— WHAT YOU WILL DO —
Set down each entry exactly as given; pictures should not appear in the copy.

Dataset items
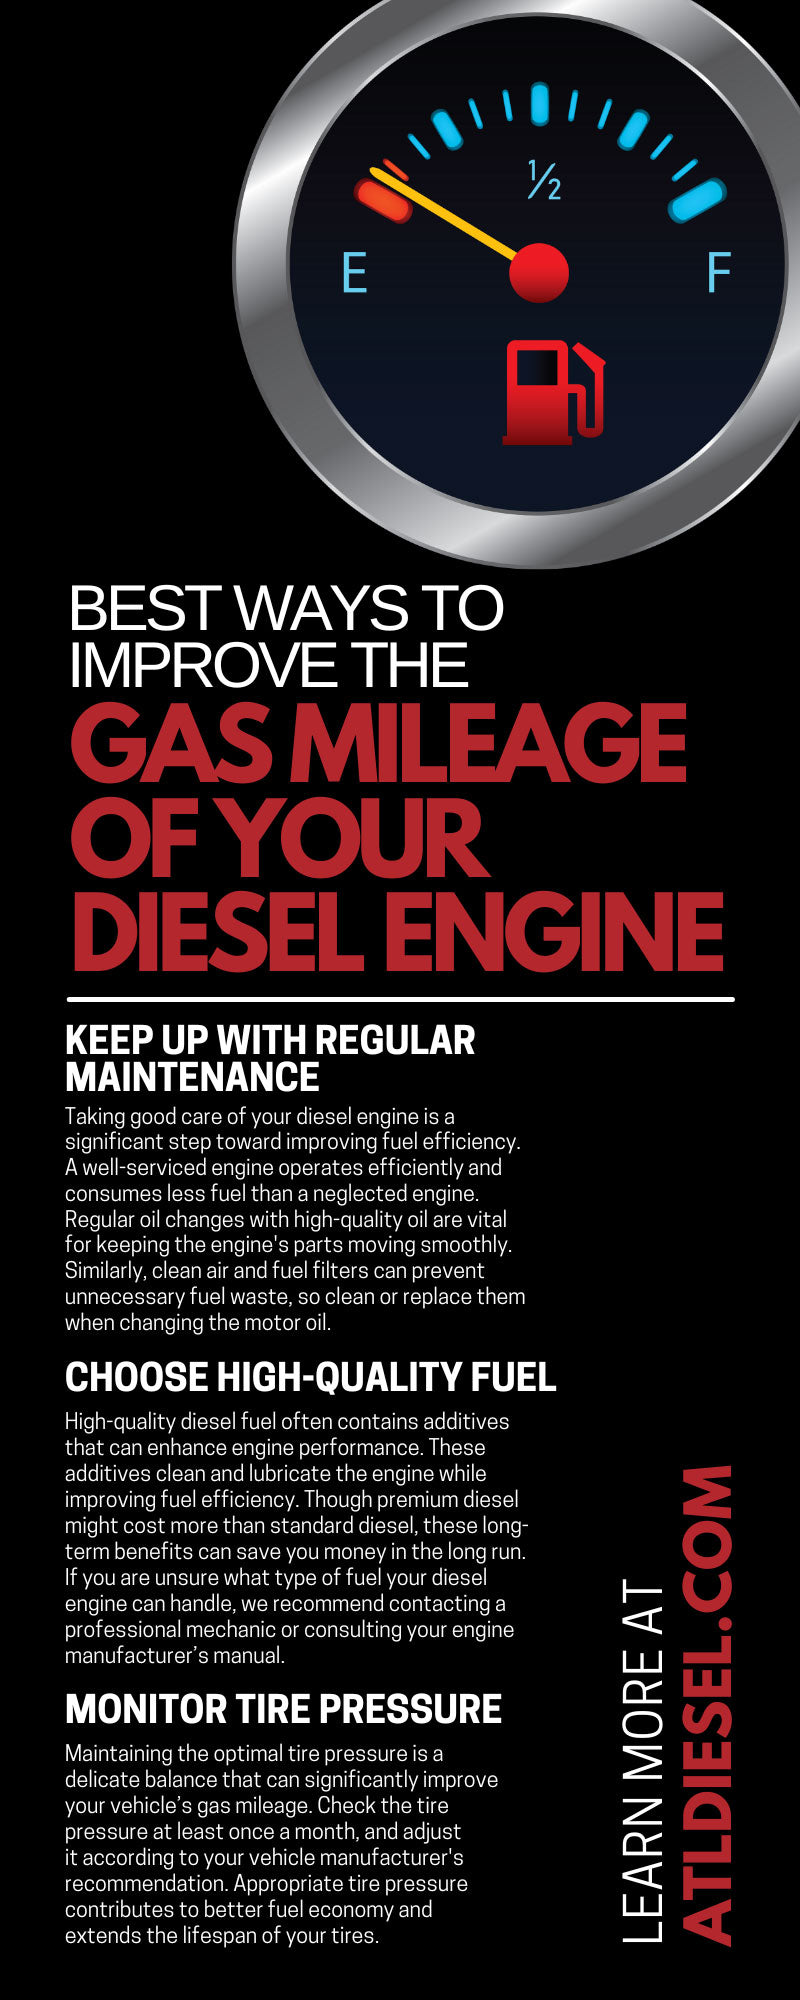 Best Ways To Improve the Gas Mileage of Your Diesel Engine
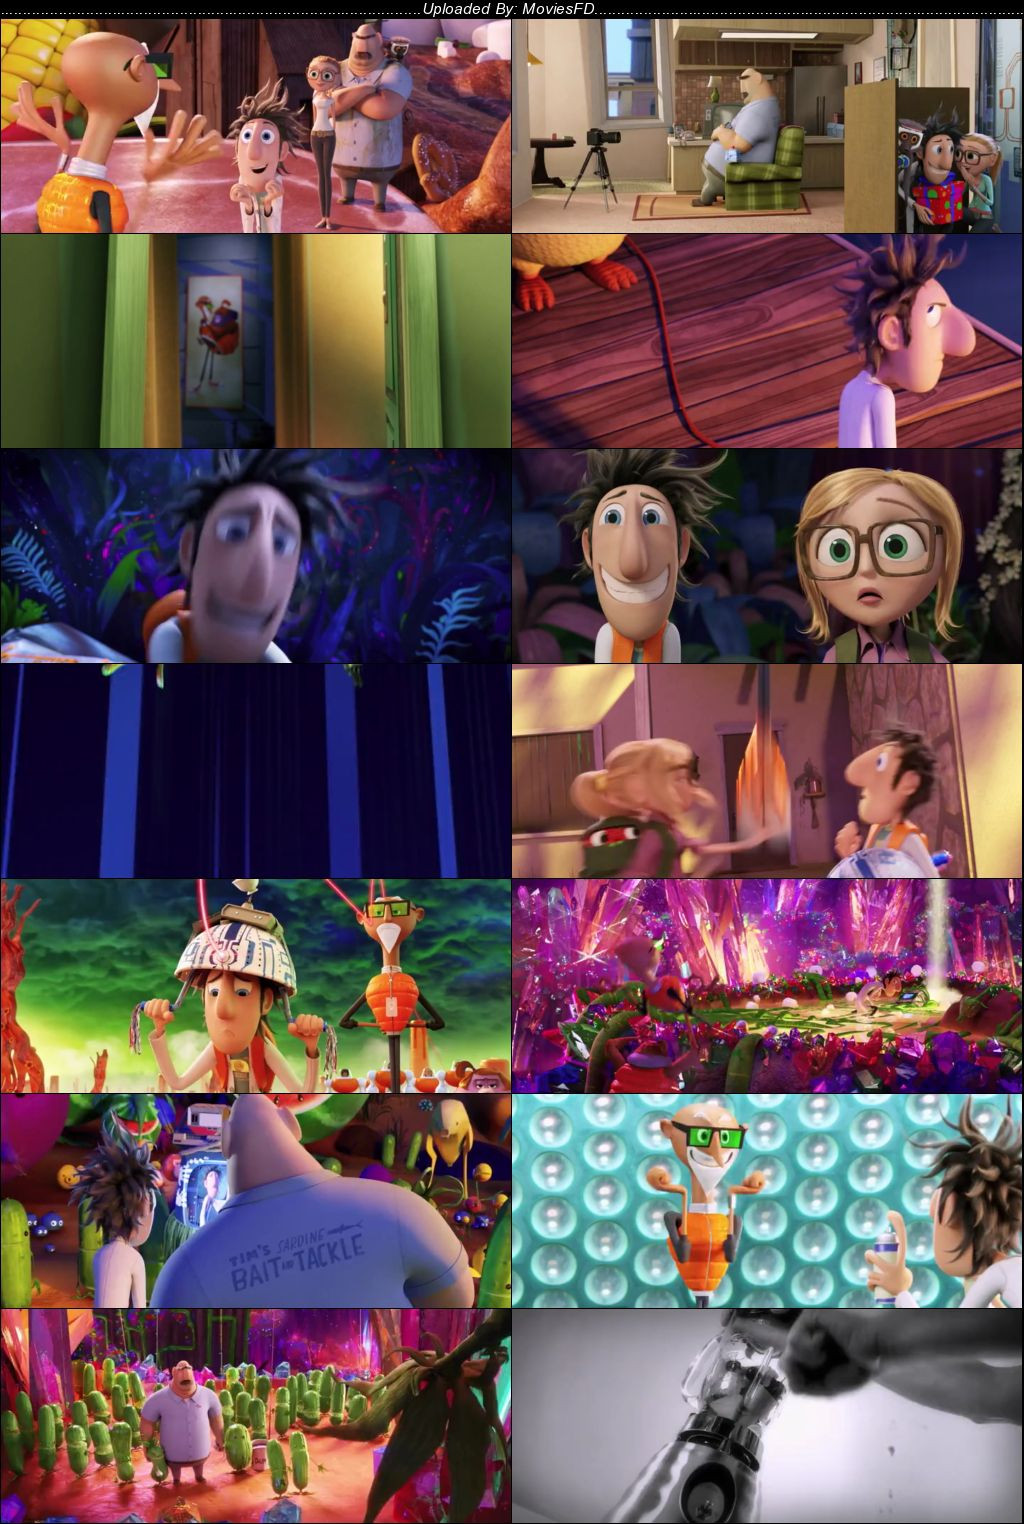 Download Cloudy with a Chance of Meatballs 2 (2013) BluRay [Hindi + English] ESub 480p 720p
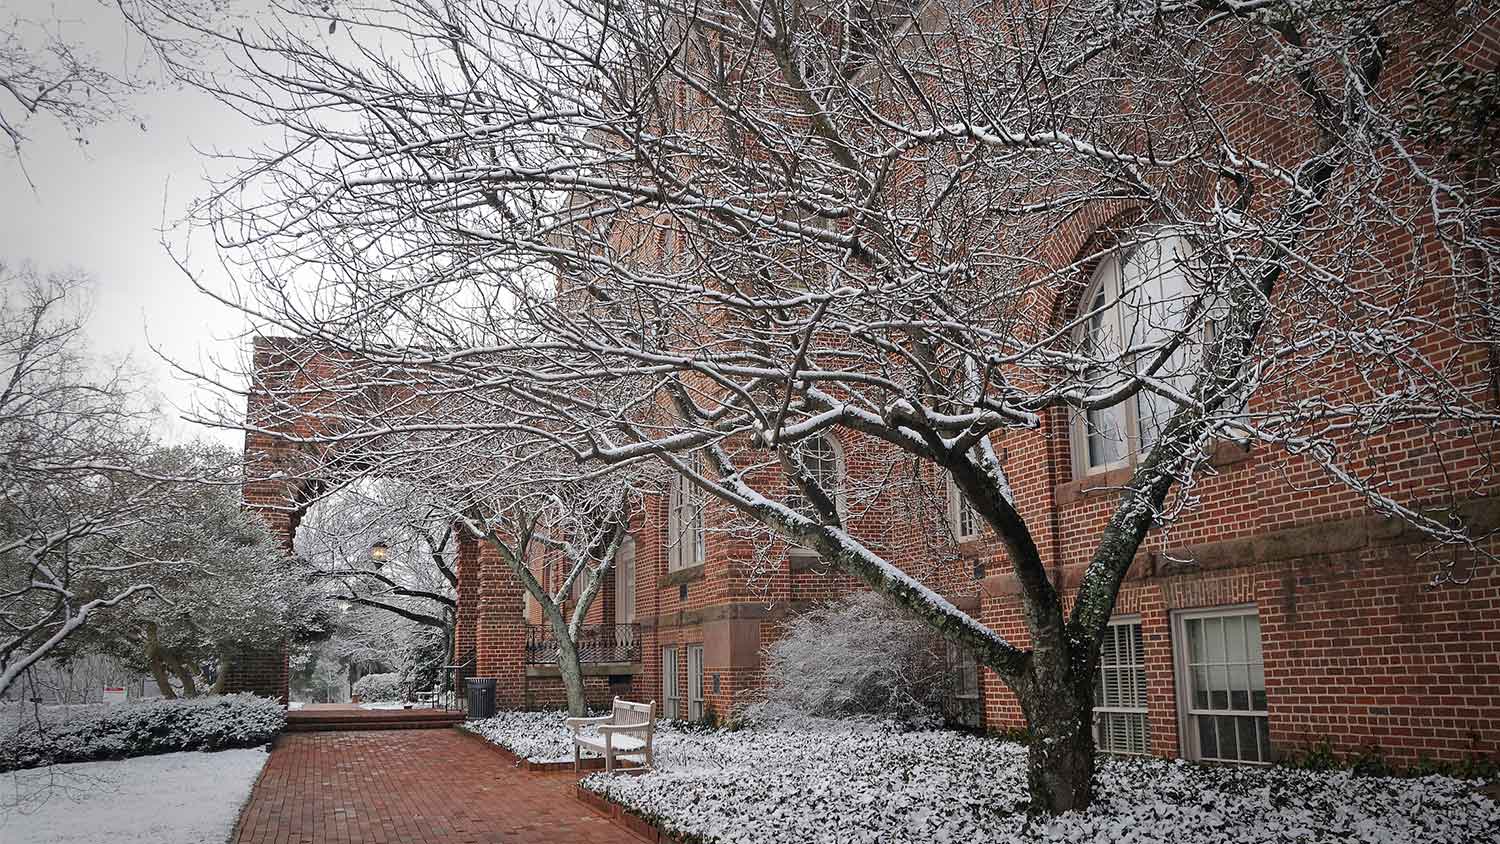 Winter scene on Main Campus with snow on trees and ground but cleared brick path
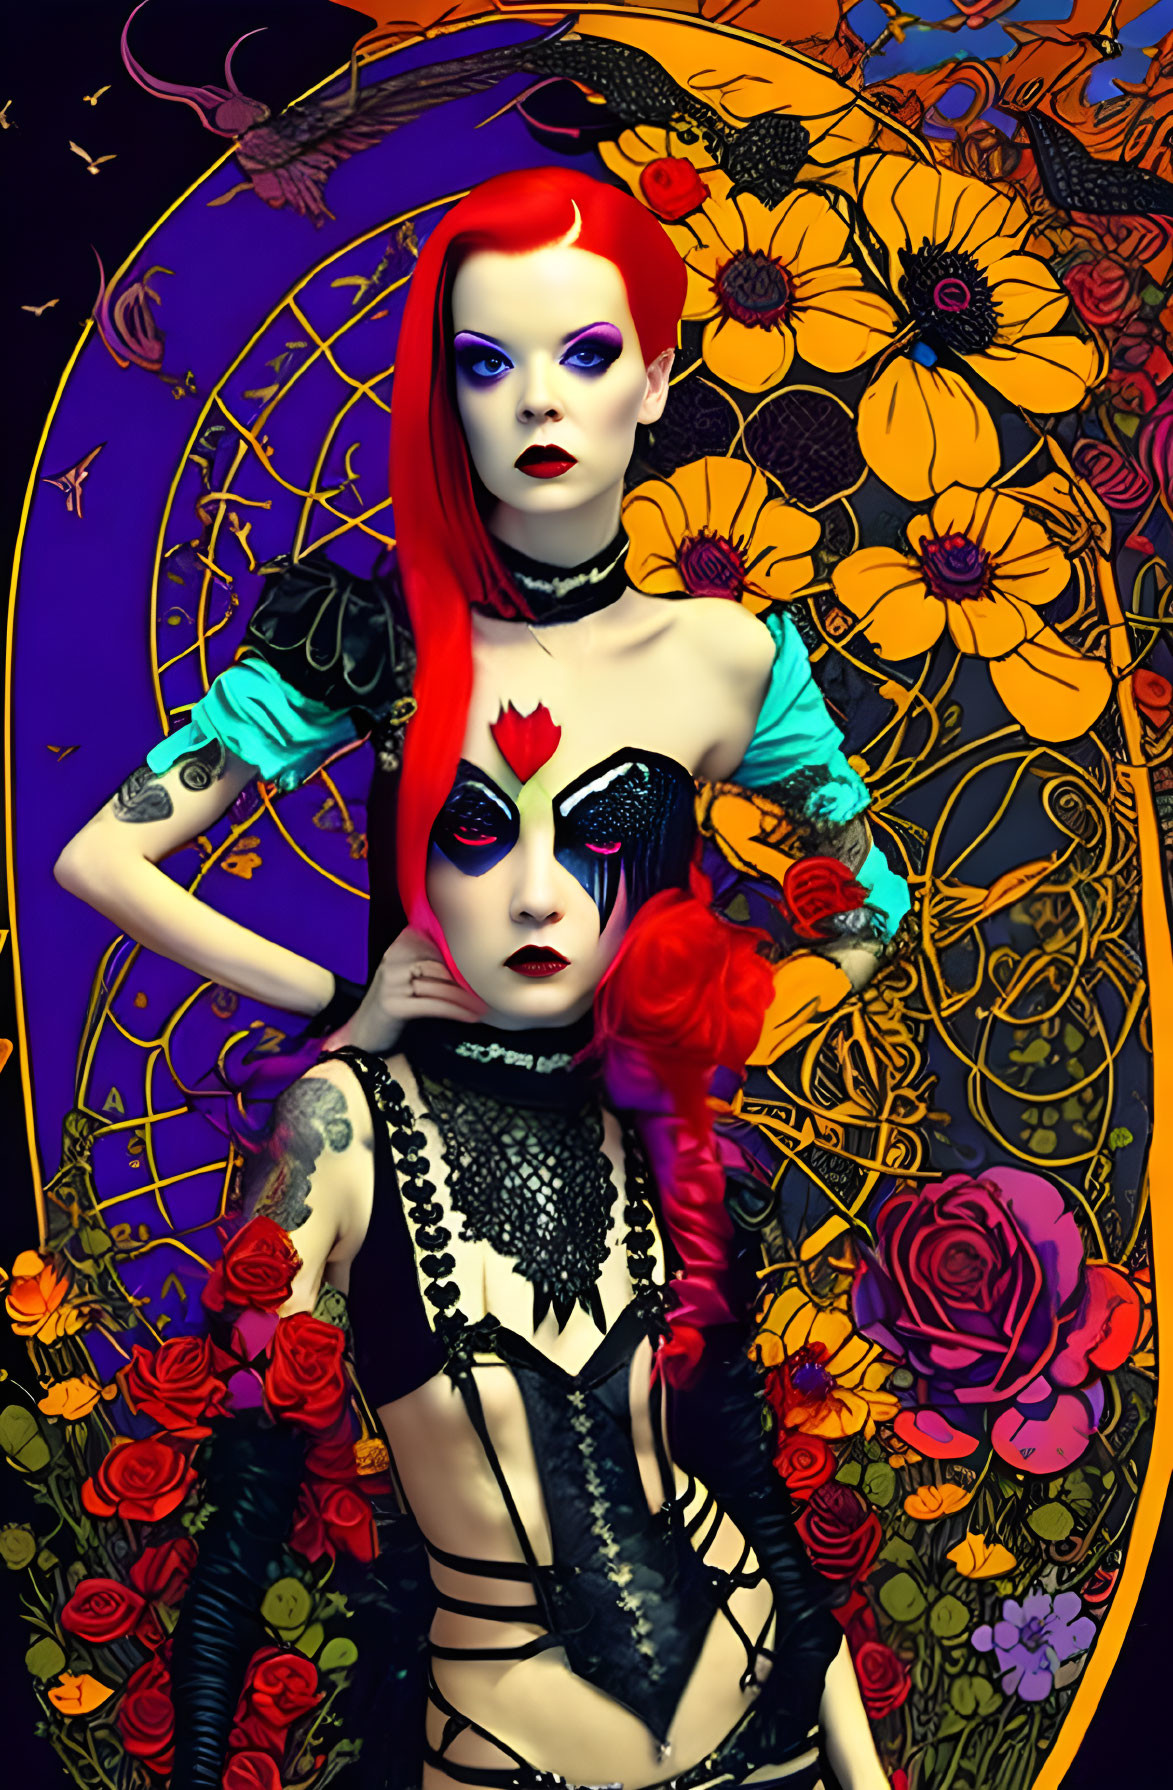 Gothic-inspired artwork: Two stylized women with striking makeup amid floral backdrop
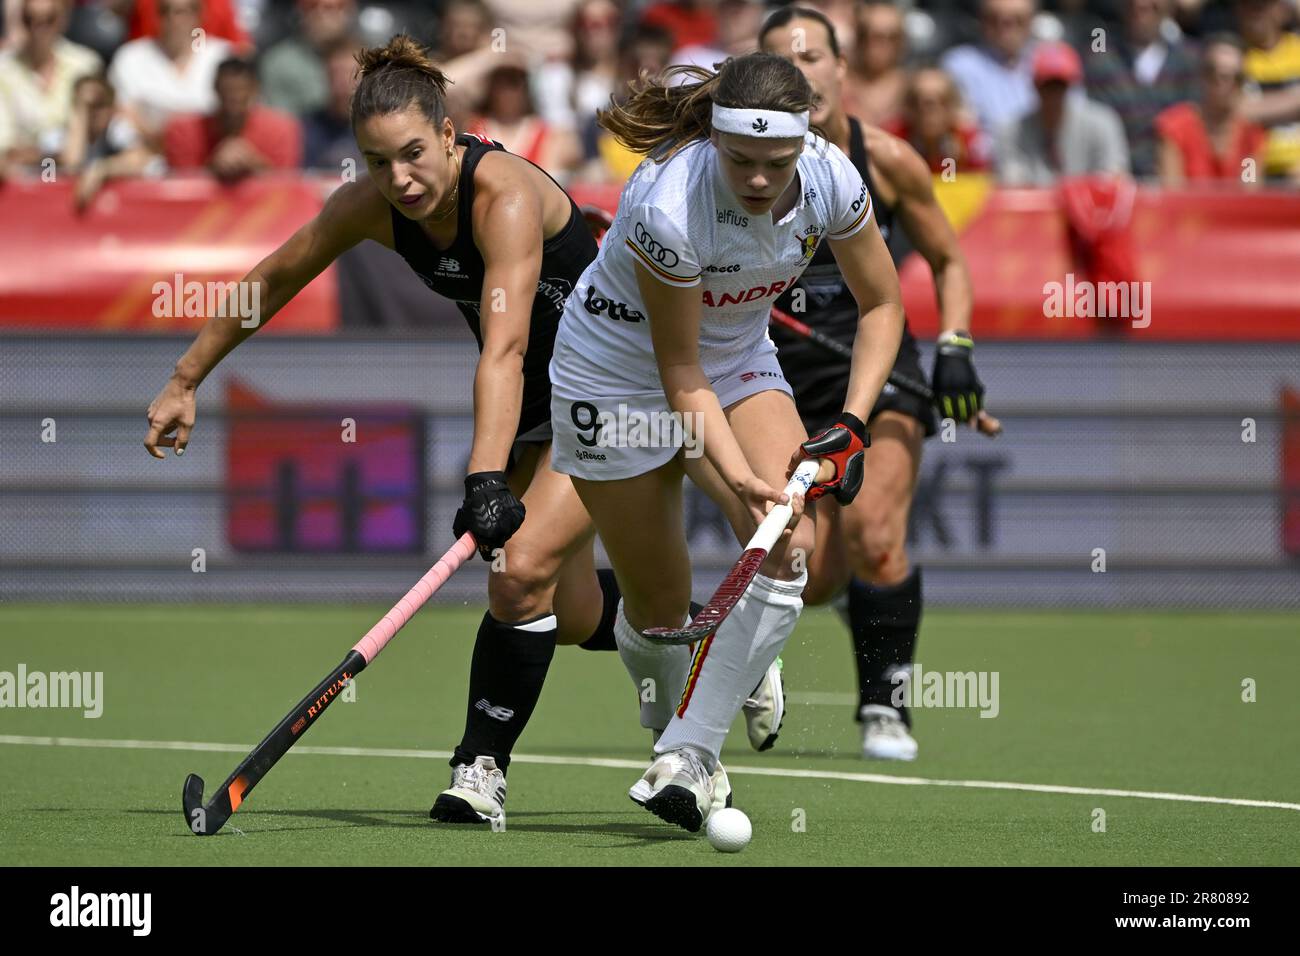 Belgium's Emily White pictured in action during a hockey game between Belgian national team Red Panthers and New Zealand, Sunday 18 June 2023 in Antwerp, match 6/12 in the group stage of the 2023 Women's FIH Pro League. BELGA PHOTO DIRK WAEM Stock Photo

— FINAL ANSWER —
 Best Ways To Improve the Gas Mileage of Your Diesel Engine
 Download Cloudy with a Chance of Meatballs 2 (2013) BluRay [Hindi + English] ESub 480p 720p
 Winter scene on Main Campus with snow on trees and ground but cleared brick path
 Gothic-inspired artwork: Two stylized women with striking makeup amid floral backdrop
 Belgium's Emily White pictured in action during a hockey game between Belgian national team Red Panthers and New Zealand, Sunday 18 June 2023 in Antwerp, match 6/12 in the group stage of the 2023 Women's FIH Pro League. BELGA PHOTO DIRK WAEM Stock Photo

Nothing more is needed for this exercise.